Reputation: 196
I'm a Spark newbie and I want to implement a lambda architecture using spark streaming and spark batch.
Looking on the web I found the following article:
http://blog.cloudera.com/blog/2014/08/building-lambda-architecture-with-spark-streaming/
This is fine for some of my analysis but I don't think this solution is feasible in the case distinct elements have to be found.
If you want to find distinct elements on a JavaRDD you can use the method distinct. DStreams are sets of RDDs so if you apply
transform((rdd) -> rdd.distinct())
method on the Dstream you will execute the distinct on each rdd of the stream so you will find distinct elements in each RDD and not on the whole DStream.
May be written like that is a bit confusing so let me clarify with an example:
I have the following elements:
Apple
Pear
Banana
Peach
Apple
Pear
In the batch app:
JavaRDD<String> elemsRDD=sc.textFile(exFilePath).distinct()
The child RDD will contain:
Apple
Pear
Banana
Peach
If I have understood correctly this should be the behaviour for the stream:
suppose we have a batch time of 1s and a window of 2s:
First RDD:
Apple
Pear
Banana
Second RDD:
Peach
Apple
Pear
JavaDStream<String> elemsStream=(getting from whathever source)
childStream = elemsStream.transform((rdd) -> rdd.distinct())
childStream.forEachRDD...
will end up with 2 Rdds: First:
Apple
Pear
Banana
Second:
Peach
Apple
Pear
That are distinct respect to the RDD but not respect to the DStream.
My solution for the Streaming part was the following:
JavaDStream<HashSet<String>> distinctElems = elemsStream.map(
(elem) -> {
HashSet<String> htSet = new HashSet<String>();
htSet.add(elem);
return htSet;
}).reduce((sp1, sp2) -> {
sp1.addAll(sp2);
return sp1;
});
In this way the result is:
Apple
Pear
Banana
Peach
as the batch mode. However this solution will require maintenance overhead and have risk for errors resulting from duplicate code bases.

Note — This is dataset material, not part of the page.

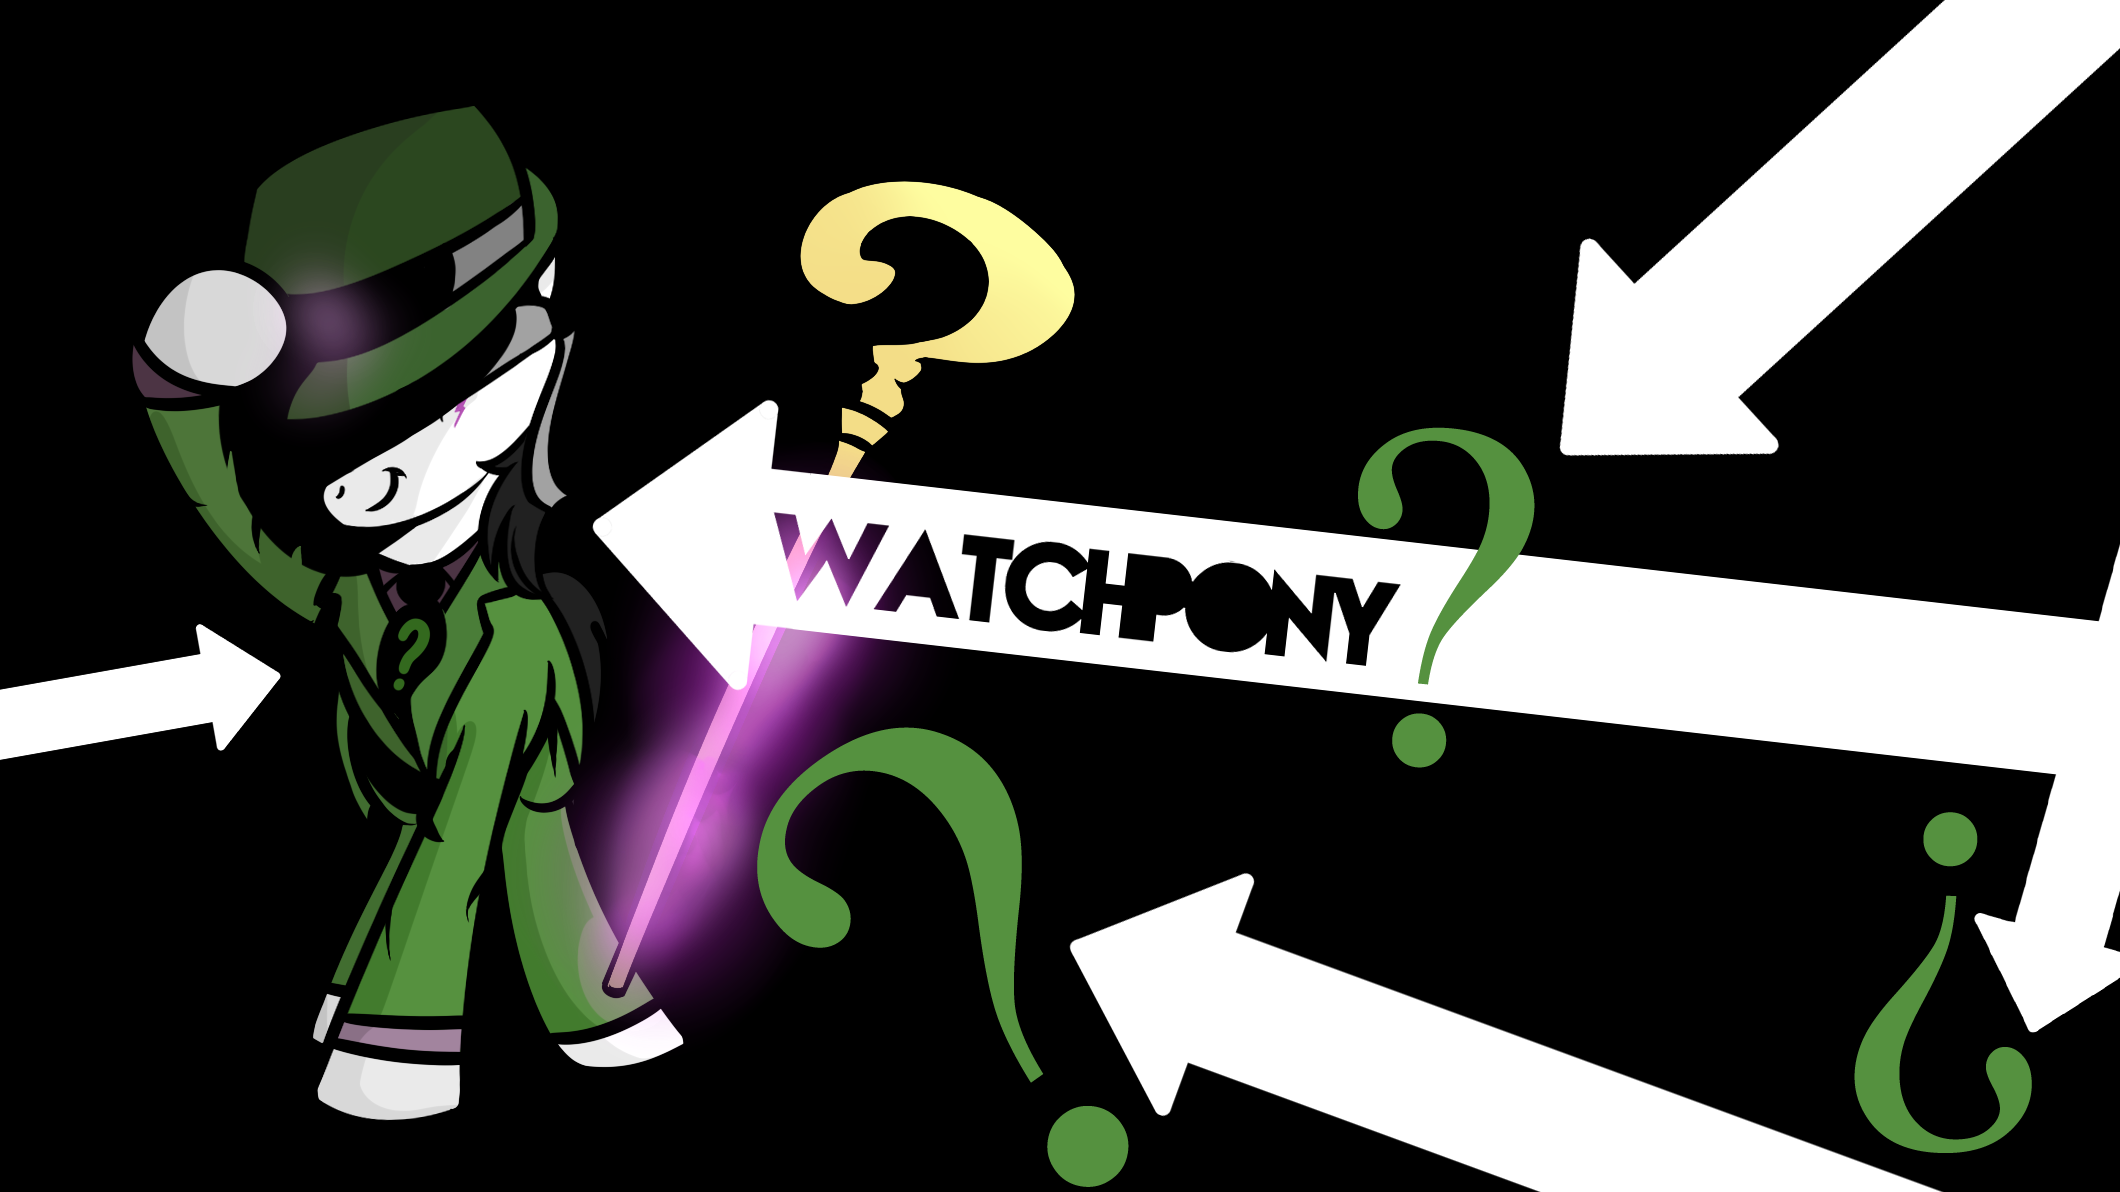 WatchPony

Is there a better way to reach the same outcome reusing as much as possible the code for the batch mode?
Thanks in advance.
Upvotes: 4
Views: 1174
Reputation: 5473
Your solution is elegant.
I have other solution, It is less elegant than yours but I don't know if it is more efficient. This is my solution based on mapToPairFunction
JavaPairDStream<String, Integer> distinctElems = elemsStream
.mapToPair(event -> new Tuple2<String, Integer>(event,1));
distinctElems = distinctElems.reduceByKey((t1, t2) -> t1);
I think that is more efficient but I cannot test it.
Upvotes: 1